Atatürk'ün manevi kızı, ilk kadın pilot Sabiha Gökçen'in "Atatürk'ün İzinde Bir Ömür Böyle Geçti" kitabında Dersim anıları da yer alıyor. Gökçen'in anılarını Oktay Verel kaleme almış, Türk Hava Kurumu (1981) yayımlamış.
Dersim'e hareket öncesi çekilmiş kareler
Kitabın 417. sayfasından itibaren Sabiha Gökçen'in Eskişehir Hava Okulu'ndaki pilotluk eğitimi ve katıldığı askeri manevraları yakından izleyen Atatürk'le ilgili bölümler ve fotoğraflara yer verilmiş. Bunların 7-8 adedi Dersim'e hareket öncesi çekilmiş kareler.
'Barışa kan bulaştırmak istiyorlar..'
En çarpıcı olanı "Dersim'e uçan uçakların ardından", Atatürk'ü gökyüzüne bakarken gösteren fotoğraf. Resim altını Sabiha Gökçen yazmış:
"Bu benim çok sevdiğim, bana göre de çok anlamlı olan bir fotoğraftır. Bizim filo Dersim'e hareket ettikten sonra Atatürk yanındakilerle birlikte büyük boşlukta bizi kaybolana kadar izlemiş sonra dudaklarından biraz üzgün, biraz kırgın şu kelimeler dökülmüş: 'Ulusal Kurtuluş savaşını bu millet el ele gerçekleştirmişti. Şimdi bu birliği bölmek, bozmak, barışa kan bulaştırmak istiyorlar. Yazık... Çok yazık."
'Korkan insanın barış için savaş vermesi mümkün mü?'
Bir başka fotoğrafa "Harekâttan birkaç dakika önce" notu düşülmüş:
"Dersim'e uçuyordum. Asker arkadaşlarımla, meslektaşlarımla birlikte isyancıları susturmak görevini almıştım. Atatürk'ün bana verdiği silah da üzerimdeydi. Ulusum için ilk kez büyük bir işe gidiyordum. Makbule Atadan hanımefendi, 'Korkuyor musun?' diye sordu. Güldüm: 'Bölgeye barışı sağlamak için gidiyorum. Korkan insanın barış için savaş vermesi mümkün mü?'"

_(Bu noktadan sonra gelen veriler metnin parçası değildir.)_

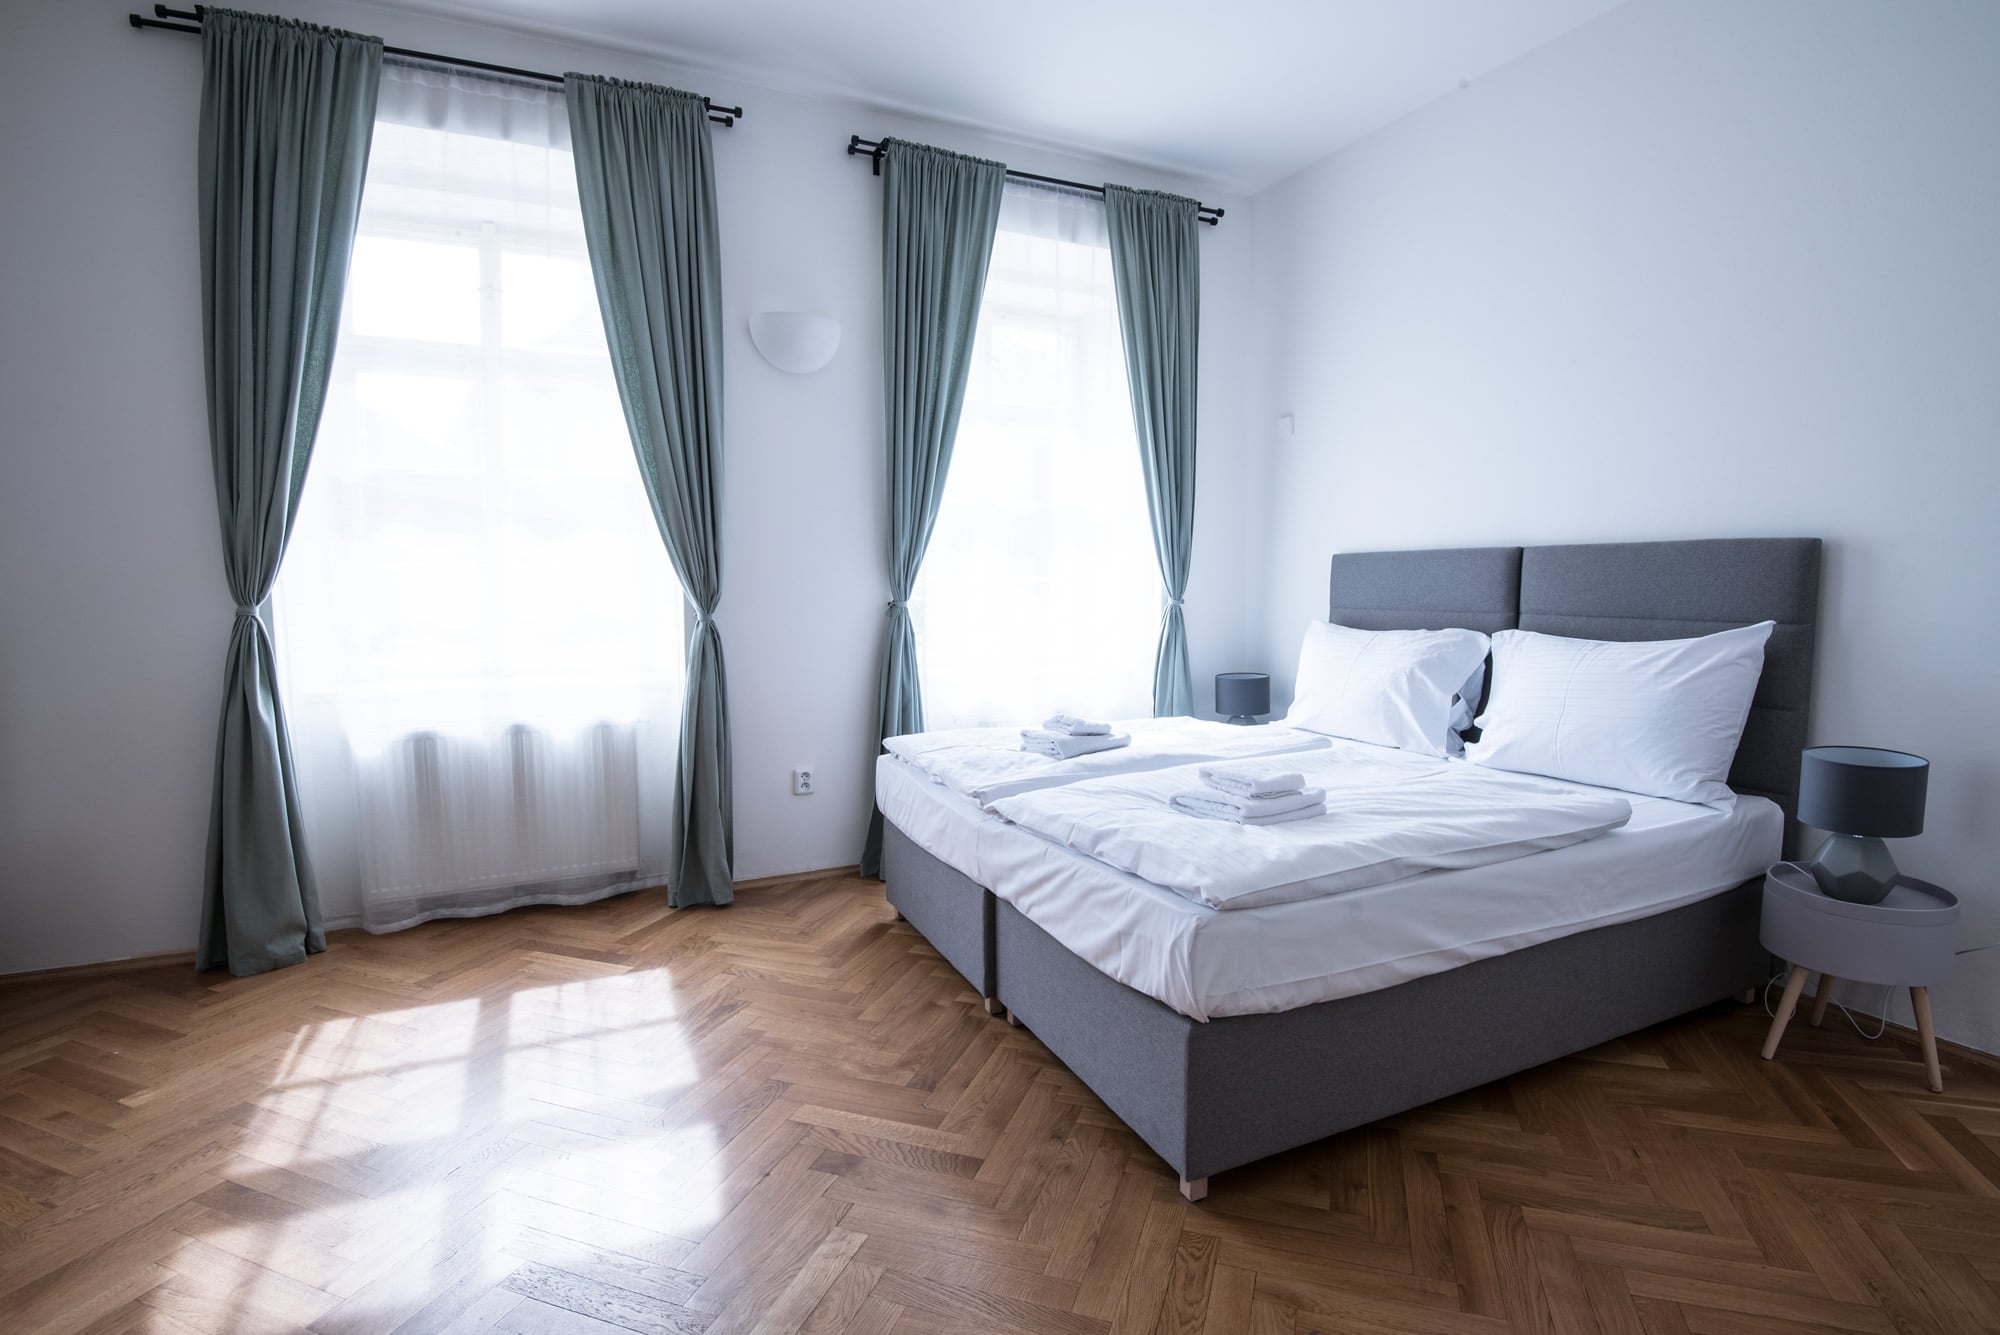 Bedroom with grey king sized bed and white bed sheets. Wooden parquet is on the floor, grey curtains are by the windows.

'Asla asilerin eline sağ olarak geçmeyecektim'
Ve "Makineli tüfek kontrolü" yapılıyor:
"Ne olur ne olmaz diye bir de makineli tüfek kontrolü yapıyor, silahı yağlıyor, mermileri sayıyor, herhangi bir taarruza uğradığımızda ne yapacağımızı birbirimize anlatıyorduk. Ben Atatürk'ten aldığım direktif üzerine, şayet uçağımız düşecek olursa derhal silaha sarılacak ve asla asilerin eline sağ olarak geçmeyecektim! Önce onlarla dövüşecek sonra da son kurşunu kendi beynime sıkacaktım."
'Dersim harekatını olduğu yerde bitirmek için göreve koştuk'
Sabiha Gökçen Atatürk'ün Dersim'le ilgili duygularını, hüznünü şöyle anlatıyor:
"Hiç beklemediği, hiç istemediği bir şey olmuştu, Atatürk'ün. 1937 yılında ülkeyi bölmek isteyenler Dersim'i seçmişlerdi. Oysa burada namuslu, ülkeye bağlı insanlarımız yaşıyordu. Bir avuç maceraperest halkı kışkırtıyor onlara asla yerine getiremeyecekleri vaatlerde bulunuyorlardı. Çoğu kanmıyor, inanmıyor ama içlerinde az da olsa silaha sarılan vardı. Türkiye huzura, barışa muhtaçtı. Atatürk bu meselenin bitmesini huzur ve kardeşliğin yeniden tesisini emretti. Bu nedenle uçaklarımız da ben de Dersim harekâtını olduğu yerde bitirmek, bu yangını söndürmek üzere göreve koştuk."
Dersim gerçeğiyle yüzleşmek isteyenler için Gökçen'in anıları iyi bir kaynak.